Con la tecnología digital, el espacio y el tiempo se han relativizado porque podemos acceder a la comunicación en cualquier lugar y en cualquier momento. A la música le ocurre algo similar, aunque no exacta, con la imaginación: “La música, patrimonio inmaterial e ingrávido, viaja ágilmente en el espacio y el tiempo, y en esta facilidad de movimiento reside buena parte de su poder para evocar otras épocas, otros países, otras realidades que ni siquiera hemos vivido, pero que nos parecen tan cercanas gracias, justamente, a la música” (Castillon, 2011).

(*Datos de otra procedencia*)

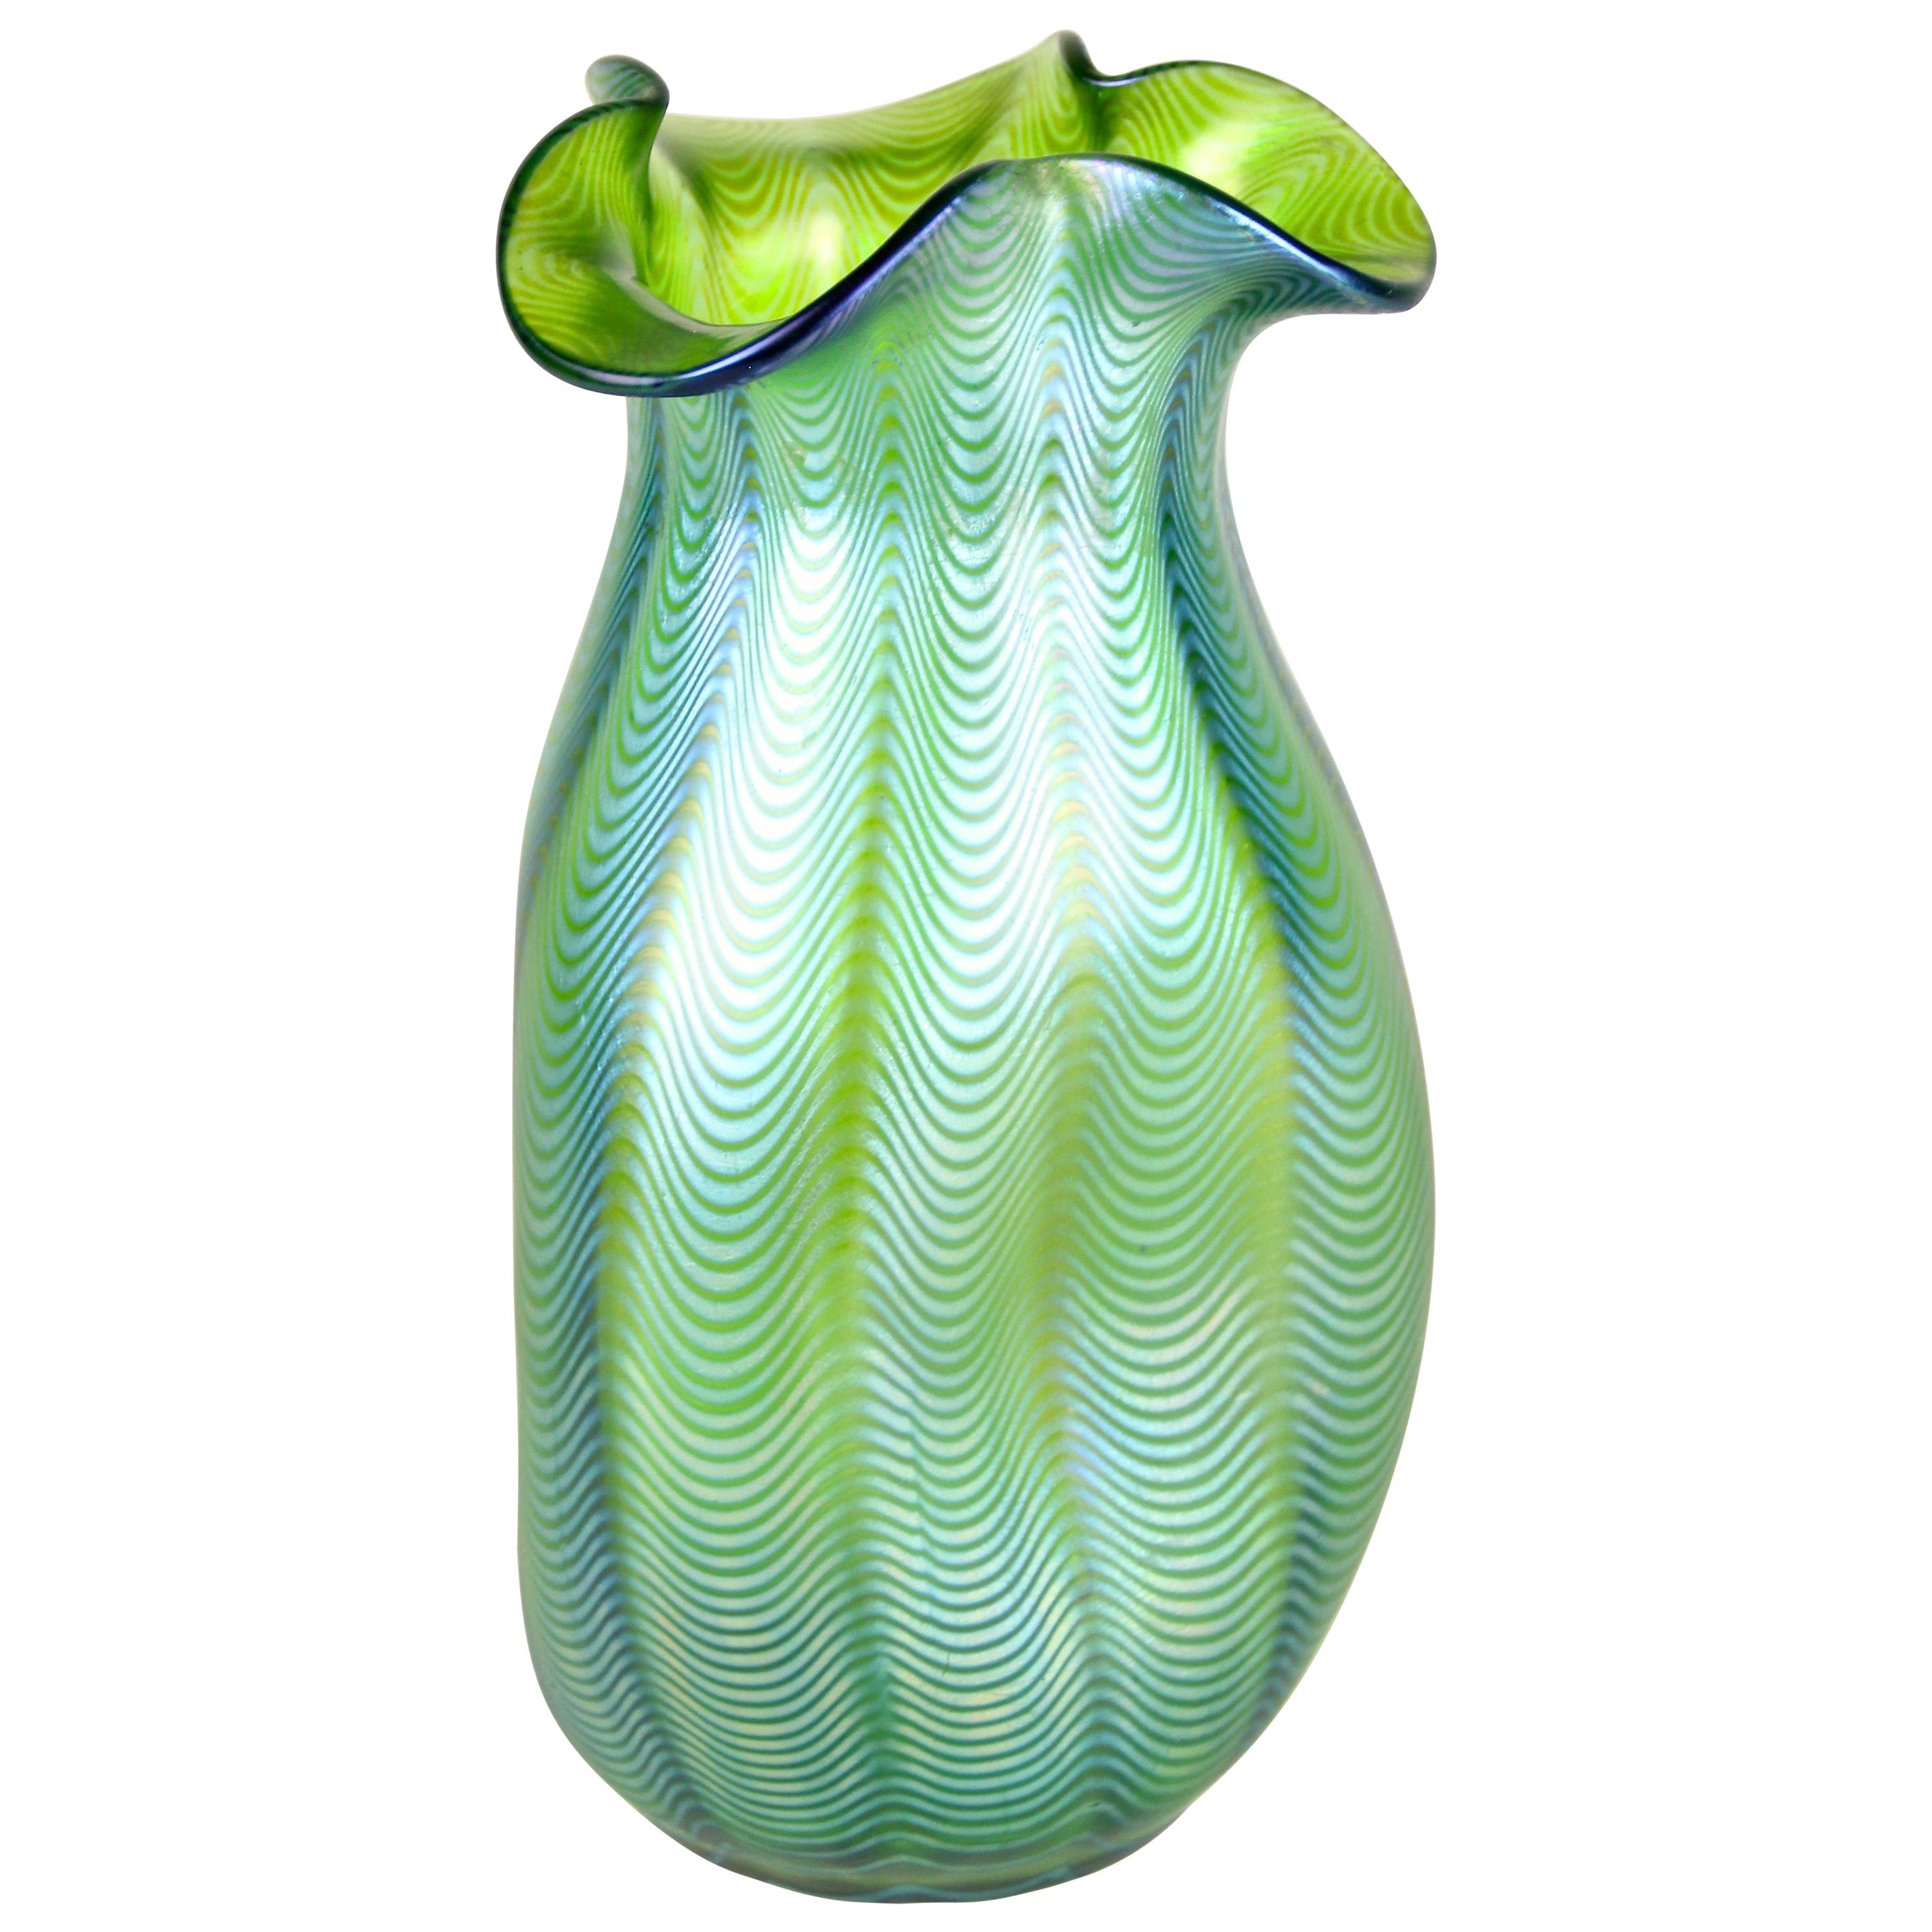 Loetz Witwe Glass Vase Crete Phaenomen 6893, Bohemia, circa 1898
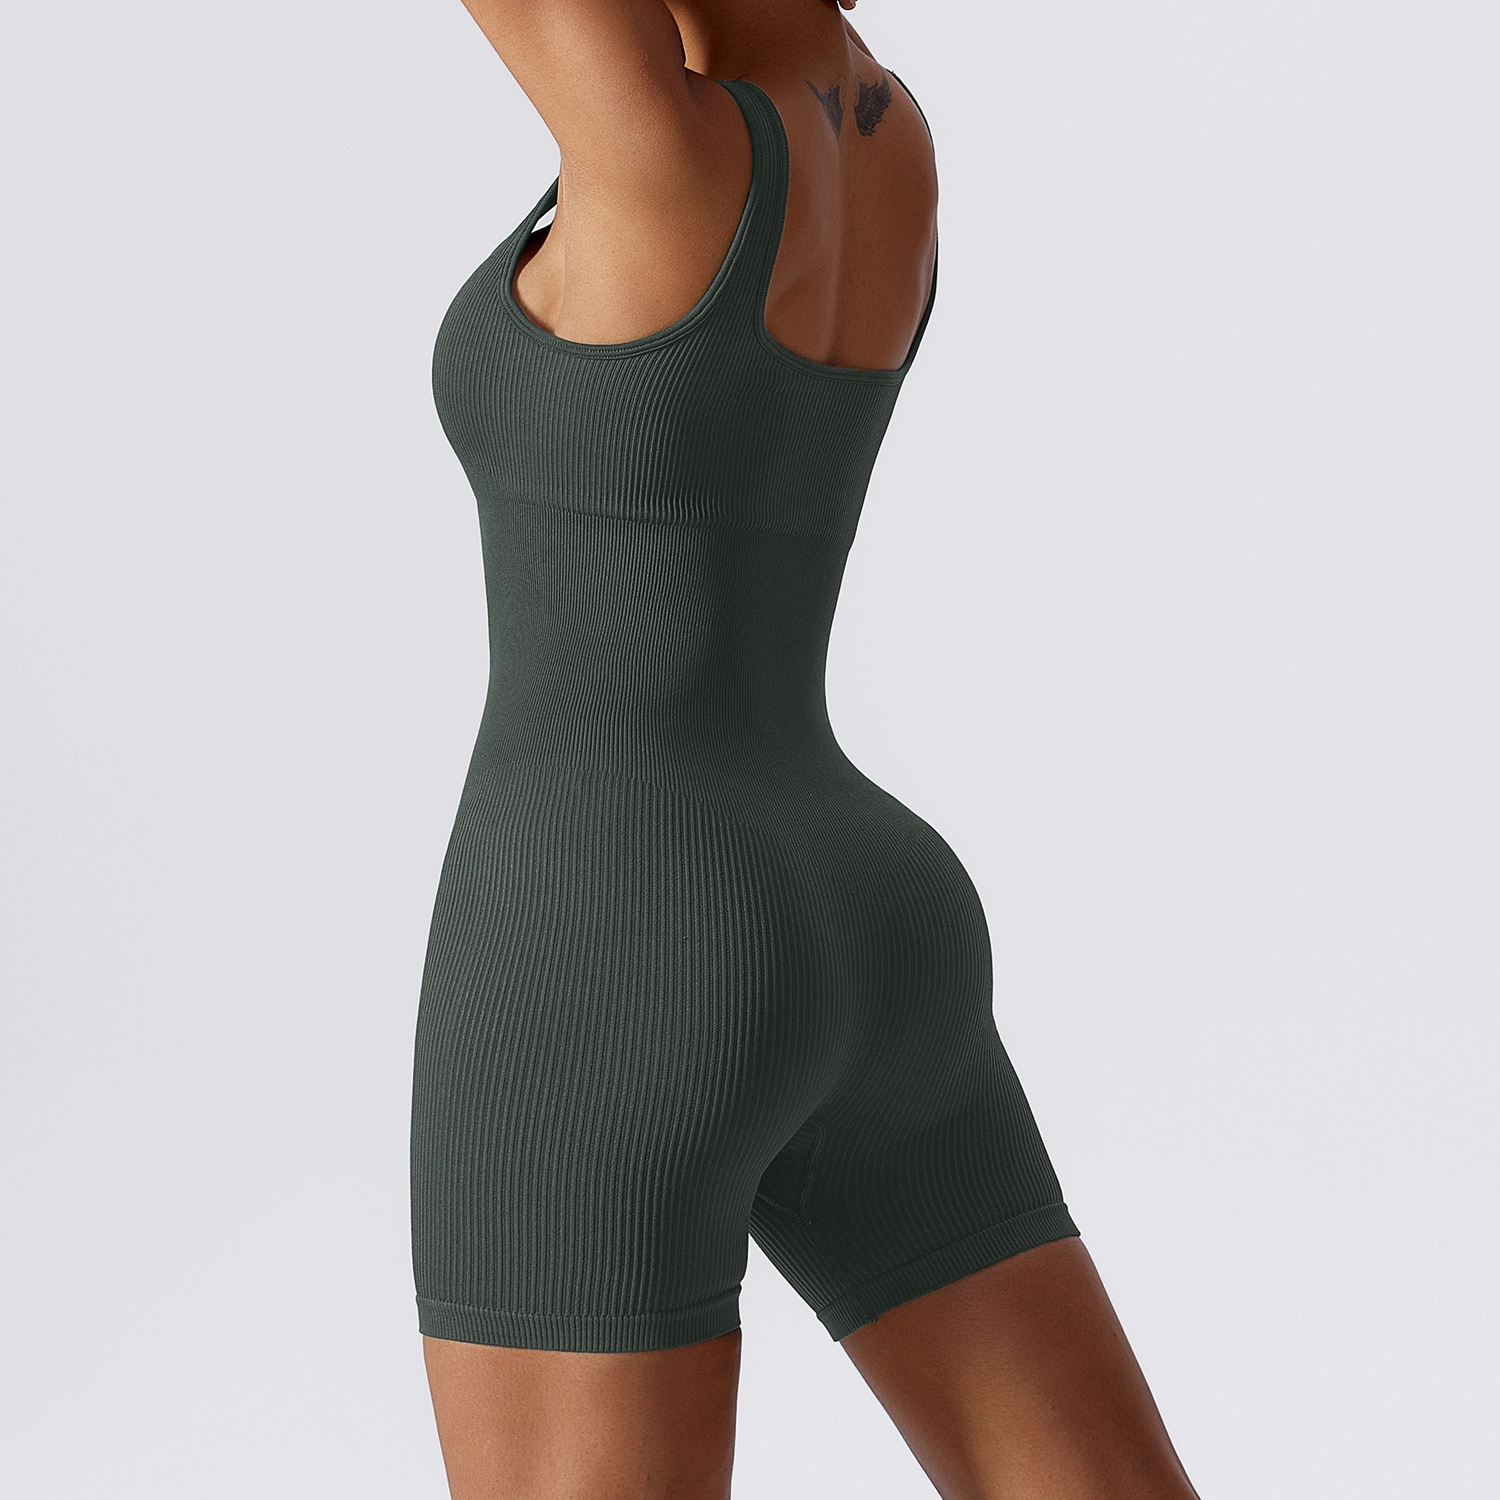 Wholesale Camouflage 2pcs/set Women's Fitness Sports Wear Outdoor Sets Gym Clothing Yoga Sets

Estas características singulares y las diferentes dimensiones de la música (subjetiva, estética, espiritual, poética, social, emotiva, abstracta, retórica, etc.) llevan a Gardner (2003) a afirmar que si conseguimos explicar la música, podemos encontrar la clave del pensamiento humano. Esta afirmación nos lleva a hacer el siguiente planteamiento inverso: si queremos desarrollar las potencialidades del pensamiento humano, debemos potenciar la educación musical. La educación integral de las personas y su competencia musical pasa por conocer y aprovechar el enorme potencial de la música en sus múltiples dimensiones.

 

Fuentes de información:

Adorno, T. W. (2000). Sobre la música. Barcelona: Ediciones Paidós Ibérica.

Castillon, X. (2011, 30 de agost). Entre Setcases i Lisboa. Diari El Punt Avui, 64.

Gardner (2004). Mentes flexibles. Barcelona: Espasa libros

Radigales, J. (2002). Sobre la música. Reflexions a l’entorn de la música i l’audiovisual. Barcelona: Trípodos.

Storr, A. (2002). La música y la mente. Barcelona: Ediciones Paidós Ibérica.

Stravinsky, I. (2013). Poética musical: en forma de seis lecciones. Barcelona: Acantilado.